*STORED DATA*:
▼
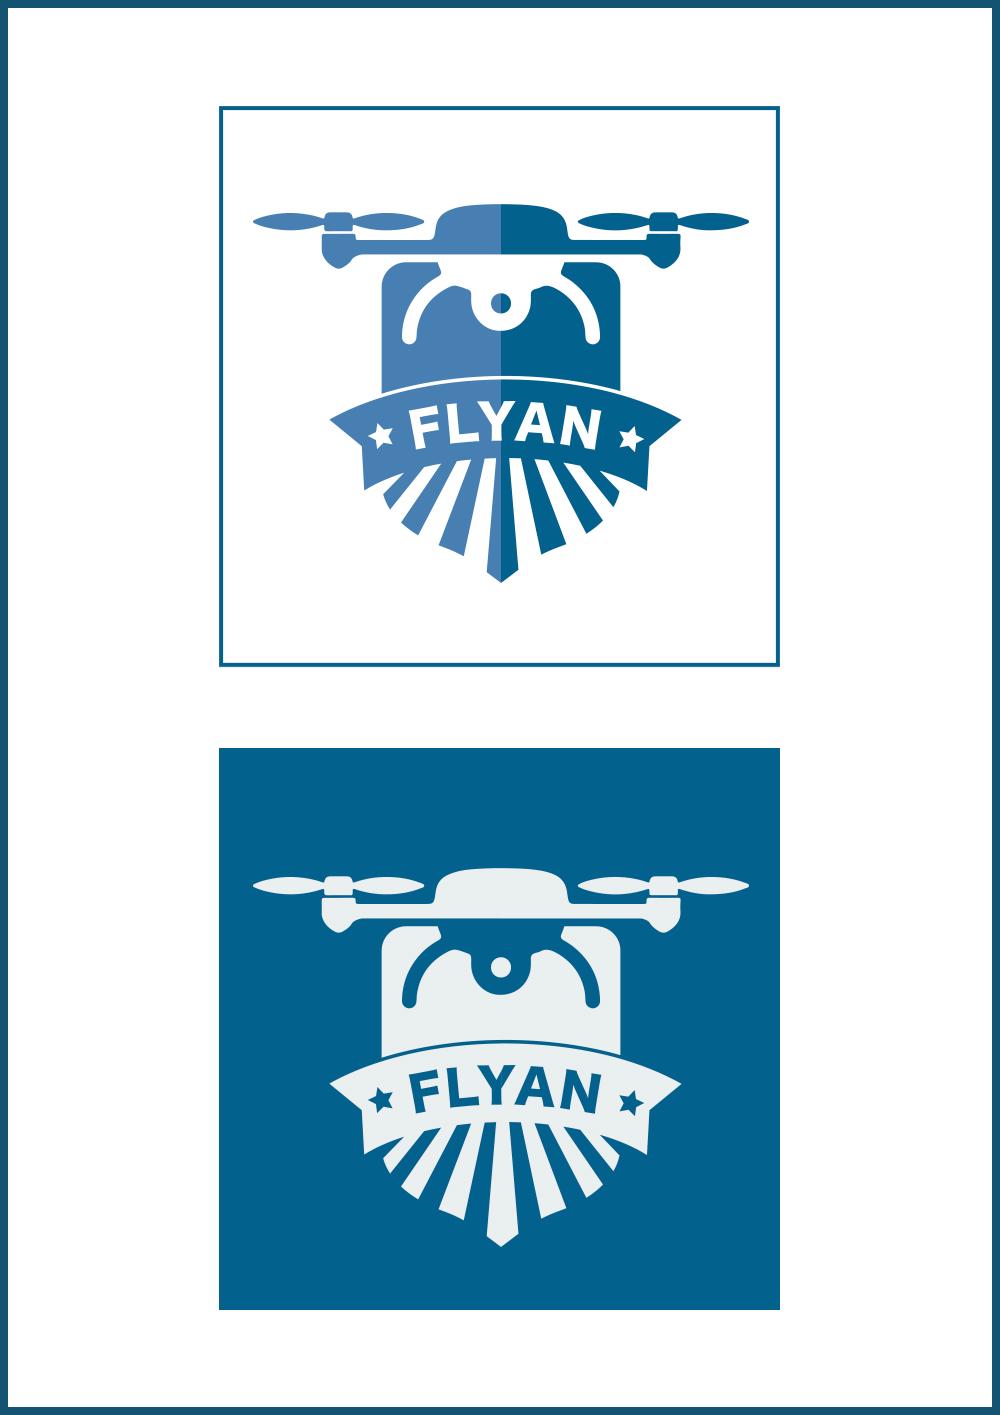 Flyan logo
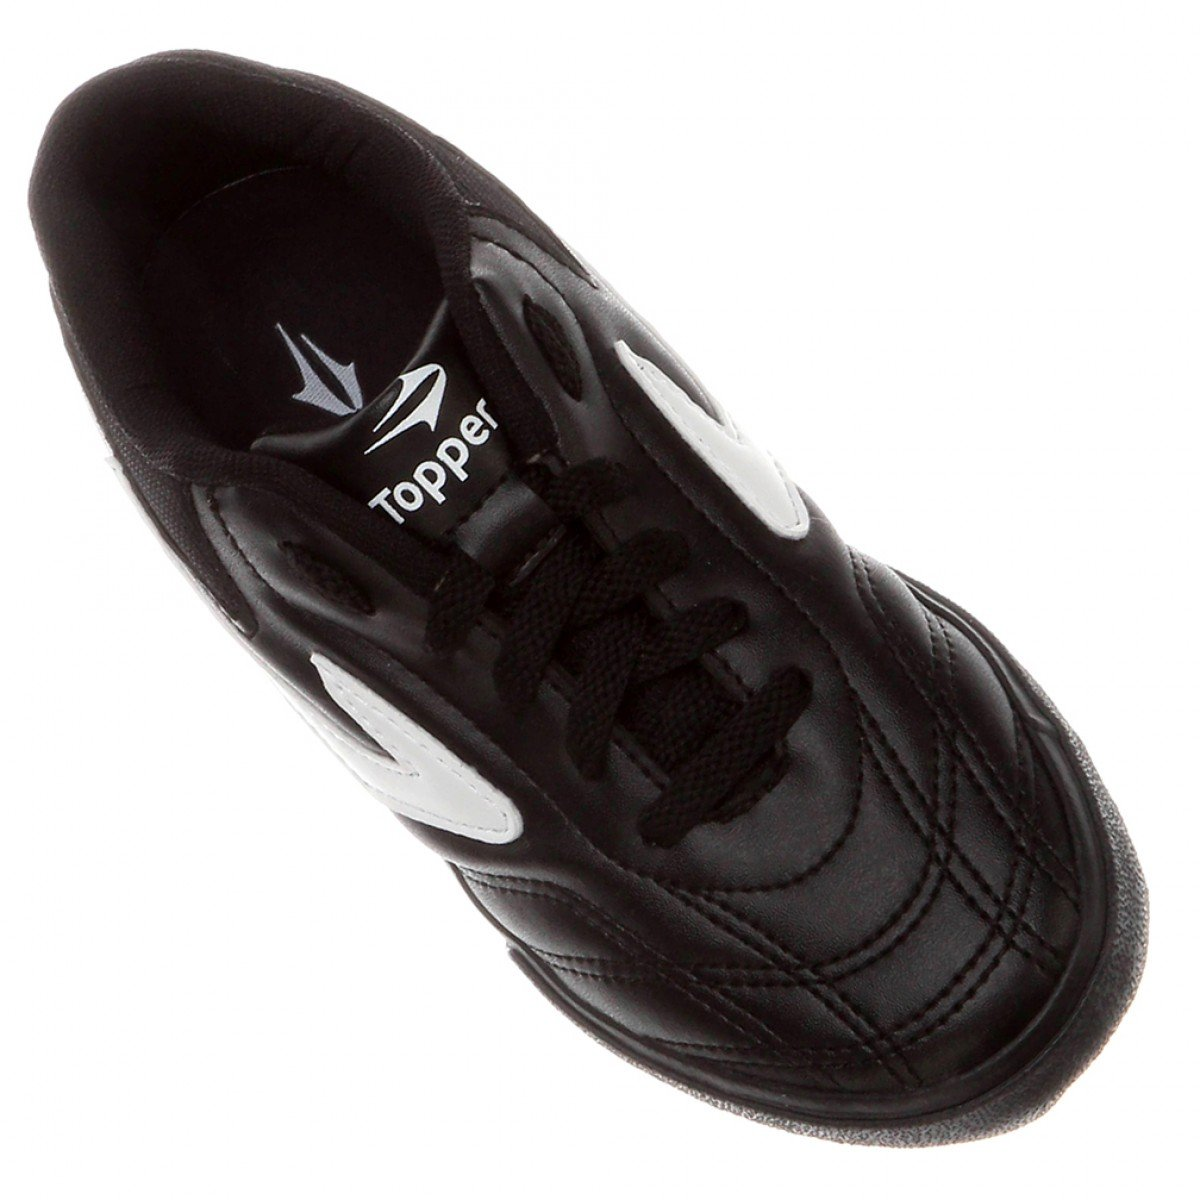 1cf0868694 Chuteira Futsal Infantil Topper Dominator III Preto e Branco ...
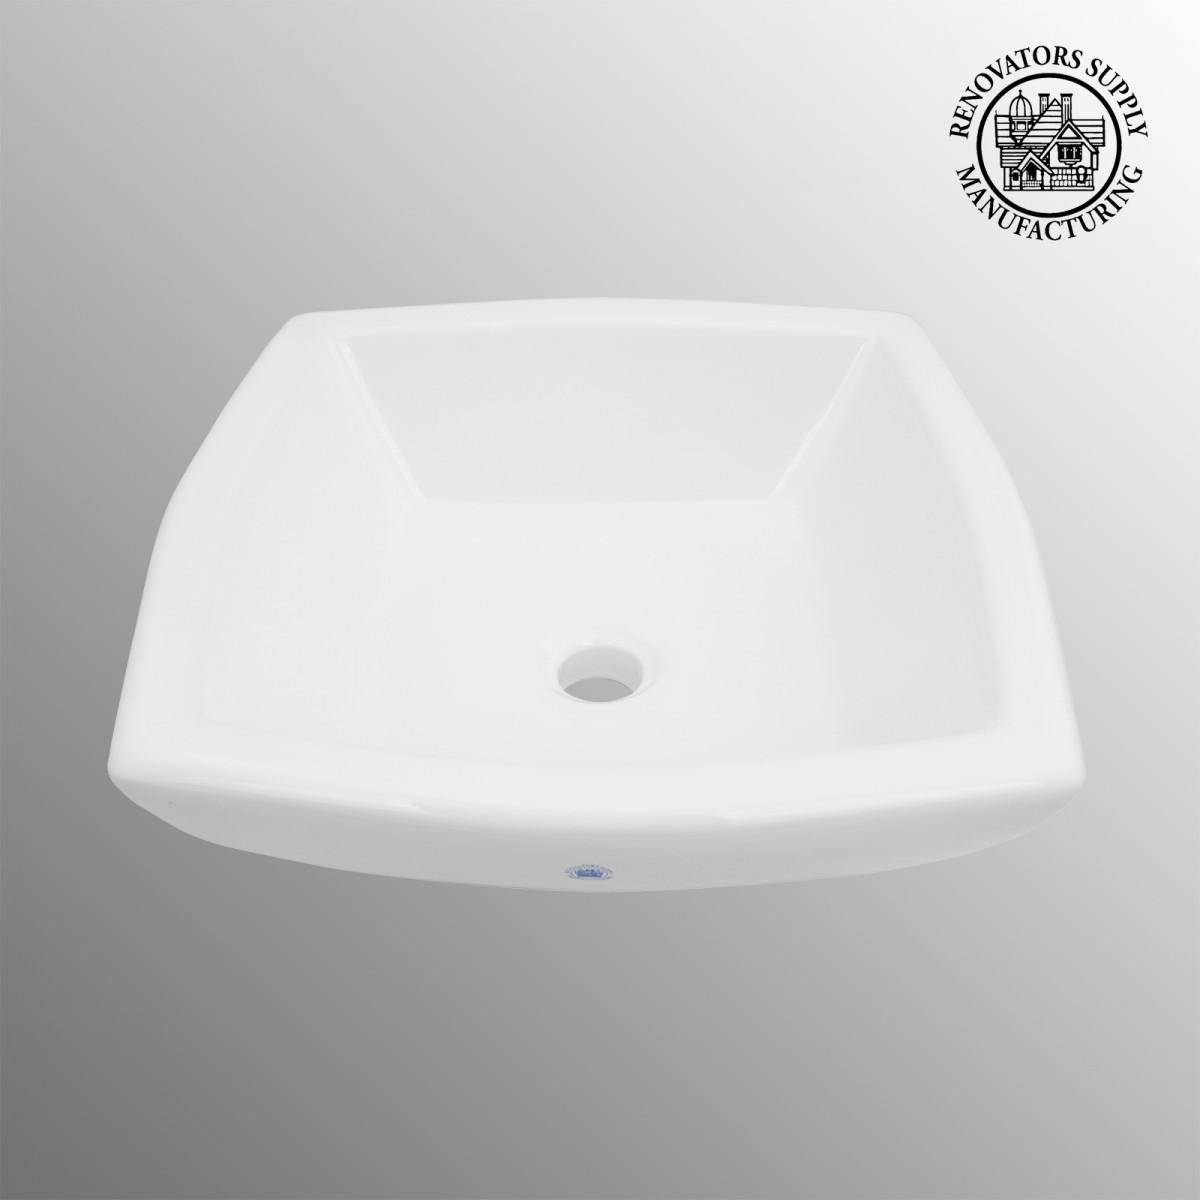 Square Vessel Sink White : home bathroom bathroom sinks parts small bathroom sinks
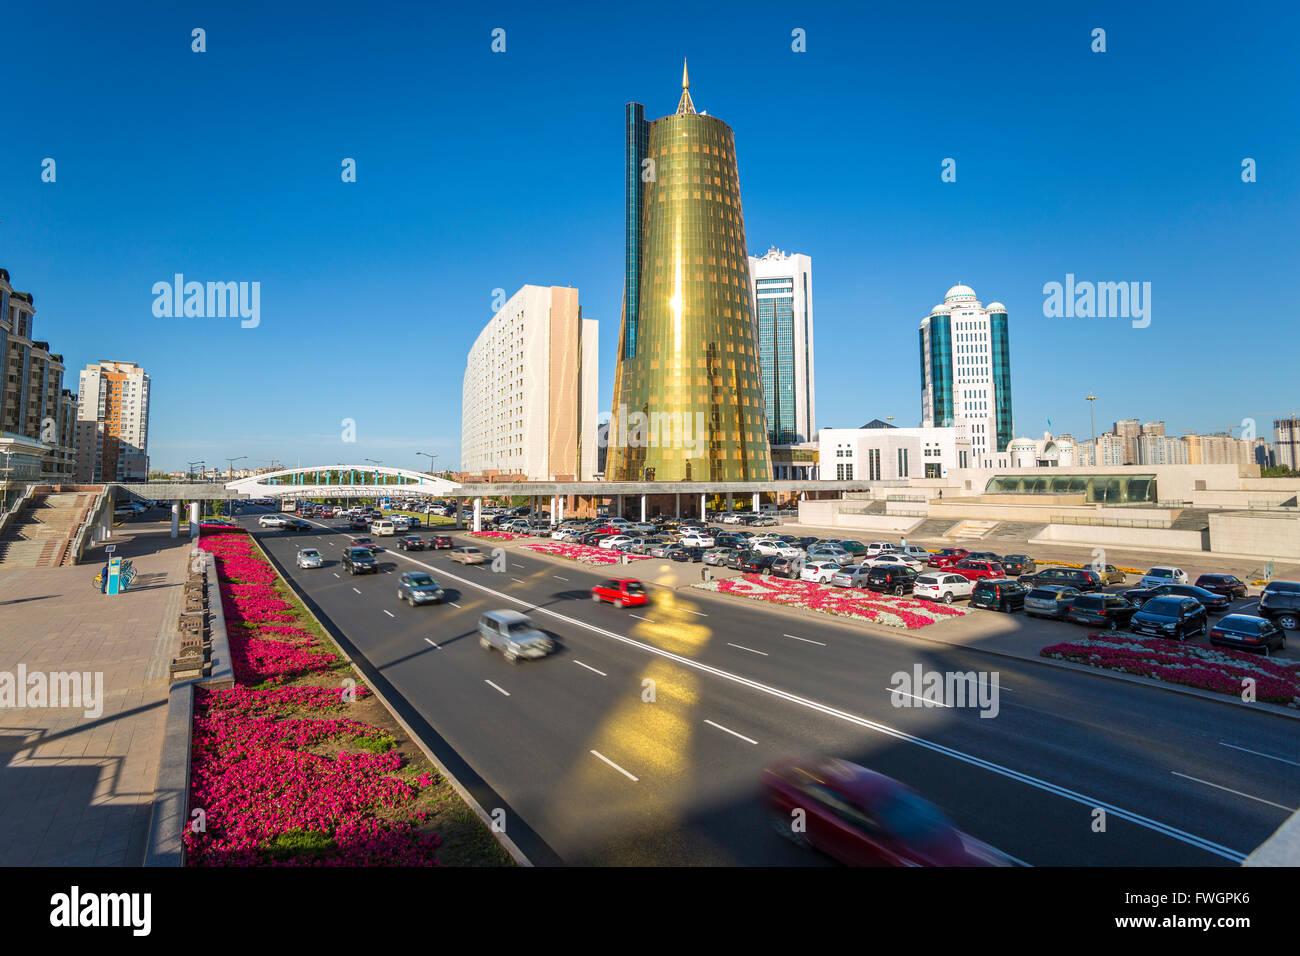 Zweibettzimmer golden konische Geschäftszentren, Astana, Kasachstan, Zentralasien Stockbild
▲
What is needed here is each line above set down word for word, minus the images.

*COMPLETED EXERCISE*:
 Flyan logo
 1cf0868694 Chuteira Futsal Infantil Topper Dominator III Preto e Branco ...
 Square Vessel Sink White : home bathroom bathroom sinks parts small bathroom sinks
 Zweibettzimmer golden konische Geschäftszentren, Astana, Kasachstan, Zentralasien Stockbild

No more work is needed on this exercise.